HR leaders today face a variety of challenges in a post-pandemic world; a distributed workforce, employee mental health, remote onboarding, inclusion, onboarding and training, and managing the entire employee lifecycle.
As an HR professional, you expect your HR tech to help you overcome these challenges and reach your goals, be it developing and executing a human resource strategy, managing the employee lifecycle, or achieving operational excellence. It might sound straightforward, but in reality your current HR technology solutions might hinder, rather than improve, the employee experience.
Instead of technology helping us overcome challenges—technology has become the challenge itself.
Digital workers will not settle for bad workplace tech.
According to Adobe’s State of Work 2021 report, even pre-COVID-19, almost a quarter (22%) of workers say they had already quit a job because workplace tech made their jobs harder. Today, nearly a third of workers (32%) say they have said goodbye to an employer whose tech was a barrier to their ability to do good work.
Even more concerning, nearly half (49%) of U.S. workers say they are likely to leave their current job if they’re unhappy or frustrated with the technology they use at work.

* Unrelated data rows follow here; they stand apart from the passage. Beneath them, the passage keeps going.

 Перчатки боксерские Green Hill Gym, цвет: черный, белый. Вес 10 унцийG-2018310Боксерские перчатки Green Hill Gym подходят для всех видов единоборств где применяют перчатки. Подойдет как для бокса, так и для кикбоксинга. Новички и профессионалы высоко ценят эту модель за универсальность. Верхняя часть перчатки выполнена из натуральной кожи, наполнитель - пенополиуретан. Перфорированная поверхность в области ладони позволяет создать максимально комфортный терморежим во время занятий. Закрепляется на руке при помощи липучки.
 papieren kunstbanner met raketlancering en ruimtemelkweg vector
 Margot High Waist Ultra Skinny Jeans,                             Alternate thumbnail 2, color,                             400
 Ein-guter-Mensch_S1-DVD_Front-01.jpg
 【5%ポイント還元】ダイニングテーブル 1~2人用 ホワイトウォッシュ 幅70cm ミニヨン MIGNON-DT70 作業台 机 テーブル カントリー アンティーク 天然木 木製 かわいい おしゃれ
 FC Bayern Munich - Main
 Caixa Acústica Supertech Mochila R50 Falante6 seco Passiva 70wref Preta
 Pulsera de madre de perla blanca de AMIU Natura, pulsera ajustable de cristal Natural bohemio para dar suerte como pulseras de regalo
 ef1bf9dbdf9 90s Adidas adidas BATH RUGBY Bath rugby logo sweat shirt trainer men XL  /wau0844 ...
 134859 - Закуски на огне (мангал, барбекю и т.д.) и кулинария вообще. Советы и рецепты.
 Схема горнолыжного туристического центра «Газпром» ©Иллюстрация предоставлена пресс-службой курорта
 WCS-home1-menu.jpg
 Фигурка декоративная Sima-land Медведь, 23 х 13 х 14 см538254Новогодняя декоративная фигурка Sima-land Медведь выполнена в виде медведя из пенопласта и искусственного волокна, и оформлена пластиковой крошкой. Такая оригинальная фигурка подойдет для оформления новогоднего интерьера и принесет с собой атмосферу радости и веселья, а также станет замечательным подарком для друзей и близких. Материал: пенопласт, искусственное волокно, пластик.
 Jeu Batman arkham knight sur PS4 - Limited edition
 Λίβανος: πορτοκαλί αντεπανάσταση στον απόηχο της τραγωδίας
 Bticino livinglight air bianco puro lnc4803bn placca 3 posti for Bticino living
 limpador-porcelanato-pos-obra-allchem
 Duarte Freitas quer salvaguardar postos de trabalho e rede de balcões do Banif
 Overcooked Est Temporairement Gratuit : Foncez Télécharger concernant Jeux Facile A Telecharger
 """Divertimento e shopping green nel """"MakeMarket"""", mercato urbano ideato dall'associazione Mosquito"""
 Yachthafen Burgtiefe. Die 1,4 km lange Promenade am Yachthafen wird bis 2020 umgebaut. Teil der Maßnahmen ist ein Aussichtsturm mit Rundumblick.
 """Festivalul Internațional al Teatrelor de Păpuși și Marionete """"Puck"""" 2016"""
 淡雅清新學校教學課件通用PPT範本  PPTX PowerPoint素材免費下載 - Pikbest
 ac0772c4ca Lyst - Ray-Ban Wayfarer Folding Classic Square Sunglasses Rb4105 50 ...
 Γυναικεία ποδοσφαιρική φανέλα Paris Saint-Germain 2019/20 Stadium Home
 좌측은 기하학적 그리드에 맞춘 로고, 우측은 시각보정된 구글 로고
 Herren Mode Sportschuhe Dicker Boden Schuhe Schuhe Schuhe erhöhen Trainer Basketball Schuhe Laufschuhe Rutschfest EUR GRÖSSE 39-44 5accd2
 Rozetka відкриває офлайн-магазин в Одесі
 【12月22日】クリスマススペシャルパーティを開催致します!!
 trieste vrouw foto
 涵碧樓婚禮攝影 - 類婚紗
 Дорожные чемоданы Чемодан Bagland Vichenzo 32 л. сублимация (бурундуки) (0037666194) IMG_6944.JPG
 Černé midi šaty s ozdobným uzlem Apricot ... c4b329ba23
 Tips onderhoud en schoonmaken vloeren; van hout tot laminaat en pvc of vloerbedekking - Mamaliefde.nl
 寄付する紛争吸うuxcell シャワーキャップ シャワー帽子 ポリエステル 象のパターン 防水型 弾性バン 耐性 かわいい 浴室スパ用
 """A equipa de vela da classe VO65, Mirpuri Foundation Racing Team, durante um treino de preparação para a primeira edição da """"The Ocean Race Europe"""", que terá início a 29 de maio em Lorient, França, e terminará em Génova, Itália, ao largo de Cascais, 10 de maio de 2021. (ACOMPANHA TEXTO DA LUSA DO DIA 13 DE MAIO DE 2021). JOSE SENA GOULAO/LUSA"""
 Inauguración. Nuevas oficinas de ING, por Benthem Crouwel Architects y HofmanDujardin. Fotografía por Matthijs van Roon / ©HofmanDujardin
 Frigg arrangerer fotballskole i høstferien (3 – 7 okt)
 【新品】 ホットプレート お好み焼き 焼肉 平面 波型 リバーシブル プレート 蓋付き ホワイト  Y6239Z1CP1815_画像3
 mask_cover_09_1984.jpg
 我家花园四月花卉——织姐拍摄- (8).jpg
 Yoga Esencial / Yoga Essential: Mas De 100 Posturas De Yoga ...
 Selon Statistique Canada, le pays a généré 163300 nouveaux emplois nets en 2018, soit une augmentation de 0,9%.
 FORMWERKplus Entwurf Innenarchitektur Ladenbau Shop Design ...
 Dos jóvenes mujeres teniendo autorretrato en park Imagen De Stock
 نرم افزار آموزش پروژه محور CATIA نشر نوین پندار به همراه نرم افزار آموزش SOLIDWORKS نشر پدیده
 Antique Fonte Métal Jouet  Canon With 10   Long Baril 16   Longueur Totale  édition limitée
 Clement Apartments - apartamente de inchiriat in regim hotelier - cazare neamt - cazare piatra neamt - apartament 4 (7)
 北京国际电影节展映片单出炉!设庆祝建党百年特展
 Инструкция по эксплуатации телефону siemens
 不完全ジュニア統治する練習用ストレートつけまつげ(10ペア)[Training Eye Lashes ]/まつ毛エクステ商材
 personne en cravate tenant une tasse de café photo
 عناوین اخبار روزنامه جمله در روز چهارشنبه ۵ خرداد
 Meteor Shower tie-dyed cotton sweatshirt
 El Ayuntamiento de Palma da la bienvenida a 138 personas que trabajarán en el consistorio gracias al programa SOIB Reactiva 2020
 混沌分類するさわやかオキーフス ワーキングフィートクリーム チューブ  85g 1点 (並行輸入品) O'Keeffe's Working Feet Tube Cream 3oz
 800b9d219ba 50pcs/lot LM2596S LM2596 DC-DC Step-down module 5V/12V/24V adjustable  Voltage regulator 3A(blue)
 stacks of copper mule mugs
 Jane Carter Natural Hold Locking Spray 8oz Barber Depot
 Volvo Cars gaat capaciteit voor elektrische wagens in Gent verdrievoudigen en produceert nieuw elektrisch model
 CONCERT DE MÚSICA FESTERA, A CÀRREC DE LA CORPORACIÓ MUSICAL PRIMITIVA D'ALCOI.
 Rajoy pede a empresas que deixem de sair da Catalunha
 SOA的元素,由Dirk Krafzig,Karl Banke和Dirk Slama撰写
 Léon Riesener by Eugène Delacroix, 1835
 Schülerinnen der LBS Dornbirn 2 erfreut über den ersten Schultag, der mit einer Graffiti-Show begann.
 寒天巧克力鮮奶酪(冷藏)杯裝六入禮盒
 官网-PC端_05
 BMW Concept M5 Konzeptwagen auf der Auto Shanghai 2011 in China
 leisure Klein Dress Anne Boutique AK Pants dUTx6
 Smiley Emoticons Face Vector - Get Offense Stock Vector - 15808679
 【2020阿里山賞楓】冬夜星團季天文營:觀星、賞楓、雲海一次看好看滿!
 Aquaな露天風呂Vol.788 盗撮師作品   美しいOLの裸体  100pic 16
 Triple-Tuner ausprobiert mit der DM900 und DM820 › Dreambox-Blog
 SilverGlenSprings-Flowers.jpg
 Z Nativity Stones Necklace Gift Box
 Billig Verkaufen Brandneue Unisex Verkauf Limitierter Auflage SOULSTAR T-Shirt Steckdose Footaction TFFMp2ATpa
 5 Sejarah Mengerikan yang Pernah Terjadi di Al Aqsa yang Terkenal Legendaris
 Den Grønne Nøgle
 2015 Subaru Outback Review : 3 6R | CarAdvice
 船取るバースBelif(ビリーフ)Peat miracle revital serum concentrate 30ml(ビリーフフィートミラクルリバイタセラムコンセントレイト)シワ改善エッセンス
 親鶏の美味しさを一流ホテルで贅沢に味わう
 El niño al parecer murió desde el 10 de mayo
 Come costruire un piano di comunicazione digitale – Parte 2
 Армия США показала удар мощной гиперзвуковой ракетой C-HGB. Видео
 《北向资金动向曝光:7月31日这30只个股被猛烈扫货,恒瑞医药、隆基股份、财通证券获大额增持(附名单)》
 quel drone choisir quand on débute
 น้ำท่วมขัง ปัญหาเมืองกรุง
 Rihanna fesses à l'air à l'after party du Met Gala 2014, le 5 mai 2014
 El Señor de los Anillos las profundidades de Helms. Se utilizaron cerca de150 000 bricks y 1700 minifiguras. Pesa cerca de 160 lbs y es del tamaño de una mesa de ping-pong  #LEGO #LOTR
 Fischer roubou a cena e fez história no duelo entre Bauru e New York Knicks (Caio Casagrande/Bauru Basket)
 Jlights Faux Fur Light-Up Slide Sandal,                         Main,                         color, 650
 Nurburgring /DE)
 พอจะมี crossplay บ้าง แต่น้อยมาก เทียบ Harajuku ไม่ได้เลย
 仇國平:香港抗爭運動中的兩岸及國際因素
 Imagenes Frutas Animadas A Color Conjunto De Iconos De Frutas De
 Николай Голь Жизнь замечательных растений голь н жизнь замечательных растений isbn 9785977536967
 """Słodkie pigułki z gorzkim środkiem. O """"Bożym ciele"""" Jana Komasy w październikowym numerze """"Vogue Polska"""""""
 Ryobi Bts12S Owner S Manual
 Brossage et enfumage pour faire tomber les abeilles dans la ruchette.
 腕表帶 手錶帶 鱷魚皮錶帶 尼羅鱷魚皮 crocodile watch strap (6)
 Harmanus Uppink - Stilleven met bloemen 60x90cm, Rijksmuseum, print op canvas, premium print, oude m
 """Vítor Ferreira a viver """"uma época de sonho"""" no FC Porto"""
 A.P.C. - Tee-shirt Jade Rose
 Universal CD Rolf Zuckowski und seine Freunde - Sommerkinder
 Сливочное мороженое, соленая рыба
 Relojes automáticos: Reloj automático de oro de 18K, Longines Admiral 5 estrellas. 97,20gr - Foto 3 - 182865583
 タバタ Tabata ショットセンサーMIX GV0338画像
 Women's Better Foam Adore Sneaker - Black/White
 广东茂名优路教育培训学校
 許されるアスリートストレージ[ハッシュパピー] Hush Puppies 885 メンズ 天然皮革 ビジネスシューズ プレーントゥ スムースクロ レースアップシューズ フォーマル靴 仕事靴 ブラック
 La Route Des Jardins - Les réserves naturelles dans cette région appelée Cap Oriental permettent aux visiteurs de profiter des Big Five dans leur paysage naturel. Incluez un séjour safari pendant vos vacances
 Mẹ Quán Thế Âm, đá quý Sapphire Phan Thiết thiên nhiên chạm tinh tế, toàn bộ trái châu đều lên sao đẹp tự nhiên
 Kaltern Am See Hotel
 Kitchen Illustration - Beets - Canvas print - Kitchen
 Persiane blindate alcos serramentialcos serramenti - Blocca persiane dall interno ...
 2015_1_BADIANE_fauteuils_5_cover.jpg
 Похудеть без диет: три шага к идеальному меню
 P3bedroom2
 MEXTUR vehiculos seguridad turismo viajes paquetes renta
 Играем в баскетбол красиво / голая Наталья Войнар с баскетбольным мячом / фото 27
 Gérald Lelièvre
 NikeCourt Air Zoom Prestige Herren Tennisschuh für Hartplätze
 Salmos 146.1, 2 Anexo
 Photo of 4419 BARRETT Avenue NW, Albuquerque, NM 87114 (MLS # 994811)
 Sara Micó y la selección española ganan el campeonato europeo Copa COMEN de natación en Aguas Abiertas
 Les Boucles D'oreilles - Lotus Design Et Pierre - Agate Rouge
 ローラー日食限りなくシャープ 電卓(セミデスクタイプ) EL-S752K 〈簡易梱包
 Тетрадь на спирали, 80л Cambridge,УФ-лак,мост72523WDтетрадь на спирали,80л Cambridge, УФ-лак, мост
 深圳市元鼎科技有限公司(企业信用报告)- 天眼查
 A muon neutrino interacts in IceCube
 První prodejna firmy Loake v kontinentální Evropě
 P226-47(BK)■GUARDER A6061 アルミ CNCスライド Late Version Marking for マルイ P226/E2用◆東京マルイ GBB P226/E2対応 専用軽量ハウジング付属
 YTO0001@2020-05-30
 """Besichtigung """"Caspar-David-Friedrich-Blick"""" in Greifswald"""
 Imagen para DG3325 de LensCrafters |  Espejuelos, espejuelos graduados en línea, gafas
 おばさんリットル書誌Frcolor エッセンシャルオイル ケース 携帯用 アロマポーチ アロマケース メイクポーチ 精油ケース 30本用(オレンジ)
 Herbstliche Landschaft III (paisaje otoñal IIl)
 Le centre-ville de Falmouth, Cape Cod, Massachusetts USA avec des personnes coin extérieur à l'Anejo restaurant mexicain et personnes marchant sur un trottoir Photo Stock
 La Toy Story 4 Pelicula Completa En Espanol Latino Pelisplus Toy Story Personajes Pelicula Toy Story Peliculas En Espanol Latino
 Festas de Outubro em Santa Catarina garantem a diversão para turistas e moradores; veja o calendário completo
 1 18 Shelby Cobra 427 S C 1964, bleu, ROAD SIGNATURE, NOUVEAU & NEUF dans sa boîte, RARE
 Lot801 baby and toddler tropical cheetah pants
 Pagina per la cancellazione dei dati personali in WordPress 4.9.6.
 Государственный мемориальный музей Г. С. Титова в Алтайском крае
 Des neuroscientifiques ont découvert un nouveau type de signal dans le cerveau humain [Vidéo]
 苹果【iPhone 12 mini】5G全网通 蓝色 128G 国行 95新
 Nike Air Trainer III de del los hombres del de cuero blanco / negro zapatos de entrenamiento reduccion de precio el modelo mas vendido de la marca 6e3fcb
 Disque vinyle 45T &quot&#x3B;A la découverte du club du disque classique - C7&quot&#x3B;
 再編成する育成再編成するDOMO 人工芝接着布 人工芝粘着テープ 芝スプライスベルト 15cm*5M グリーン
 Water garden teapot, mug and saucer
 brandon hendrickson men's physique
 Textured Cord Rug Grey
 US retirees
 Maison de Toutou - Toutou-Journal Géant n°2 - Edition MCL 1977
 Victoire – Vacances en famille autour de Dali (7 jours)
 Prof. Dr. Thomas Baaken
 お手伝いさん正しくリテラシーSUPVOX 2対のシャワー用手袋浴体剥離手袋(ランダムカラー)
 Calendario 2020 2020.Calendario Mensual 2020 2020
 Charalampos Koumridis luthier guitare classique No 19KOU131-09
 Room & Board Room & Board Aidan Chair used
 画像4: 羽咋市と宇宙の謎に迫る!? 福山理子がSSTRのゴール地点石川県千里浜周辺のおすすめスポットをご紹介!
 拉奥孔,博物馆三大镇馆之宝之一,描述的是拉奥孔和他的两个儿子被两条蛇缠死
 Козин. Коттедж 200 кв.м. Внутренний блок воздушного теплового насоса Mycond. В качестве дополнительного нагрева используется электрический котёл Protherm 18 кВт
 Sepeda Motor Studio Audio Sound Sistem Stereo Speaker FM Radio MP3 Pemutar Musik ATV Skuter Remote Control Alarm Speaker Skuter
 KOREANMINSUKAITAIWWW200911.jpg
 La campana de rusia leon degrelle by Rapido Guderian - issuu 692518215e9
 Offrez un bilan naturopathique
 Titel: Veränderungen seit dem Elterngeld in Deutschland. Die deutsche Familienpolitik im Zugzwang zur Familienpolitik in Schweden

The study also found that people are more likely to turn down a job because of outdated tech, while they might apply for a job because they heard a company’s employees use great technology.
Adobe’s findings provide insight into generational differences as well, citing that if they feel their work technology makes their job harder, Gen-Xers will leave a job and reject offers at higher rates than their younger colleagues.
Today, digital workers expect the technologies they use at work to be both up to date and fit for the job. Companies must provide the proper tools and a smooth remote work experience.
5 technology challenges HR leaders must tackle
WalkMe anticipates HR leaders will be busier than ever overcoming the following 5 major technological challenges:
- Too many applications
With an abundance of applications, HR teams and employees feel lost and frustrated, jumping from one app to another, not sure how to use them all, and unable to complete various tasks without the help of IT or another team member. Heads of HR must find a way to improve HR processes to benefit the organization from a business level, while also taking into account employee experience and needs.
- Managing the remote onboarding experience
Taking into account the digital dexterity of organizations’ diverse employee base, HR leaders are expected to manage the onboarding experience for all user types, but struggle to overcome language barriers and costs.
- Compliance requirements
HR teams struggle to ensure they do not violate any of the compliance requirements when updating documents. They also cannot track these updates, potentially leaving mistakes for others to find and deal with themselves.
- Onboarding and training
Considering that HR software usage is infrequent and changes are continuous, onboarding and training users to a desired level of proficiency has become a major challenge. HR professionals are finding it difficult to ensure employees complete processes accurately and efficiently across multiple applications.
- Juggling a multi-platform HR environment
Simple processes become inefficient, long, and prone to error when navigating an HR tech stack. Between HR departments working in silos, geographical compliance needs and migration of information across platforms, it’s challenging to measure employee productivity and software usage.
Transforming the employee relationship with technology
It goes without saying that COVID-19 has changed the digital workplace. Moreso, it’s actually provided an opportunity to press the reset button when it comes to HR methodology and workforce planning.
Organizations are finding new ways to connect and engage with their customers. HR professionals are speaking about the importance of mental health with candidates and employees. HR training and onboarding is constantly adapting to fit the changing digital worker’s needs.
“Enterprise-grade work management applications centralize and connect work across teams, departments, and companies. They eliminate silos, integrate applications and data, and keep people in the environments they prefer, while surfacing insights to help companies preempt problems, reallocate resources, and optimize their people and processes.” (State of Work 2021, Adobe)
The number one takeaway from this is that technology goes hand-in-hand with the people who use it. Humans are at the heart of it all.
That means that HR leaders must invest in the right enterprise-grade work management technologies to help them overcome the challenges ahead in order to improve the overall employee experience.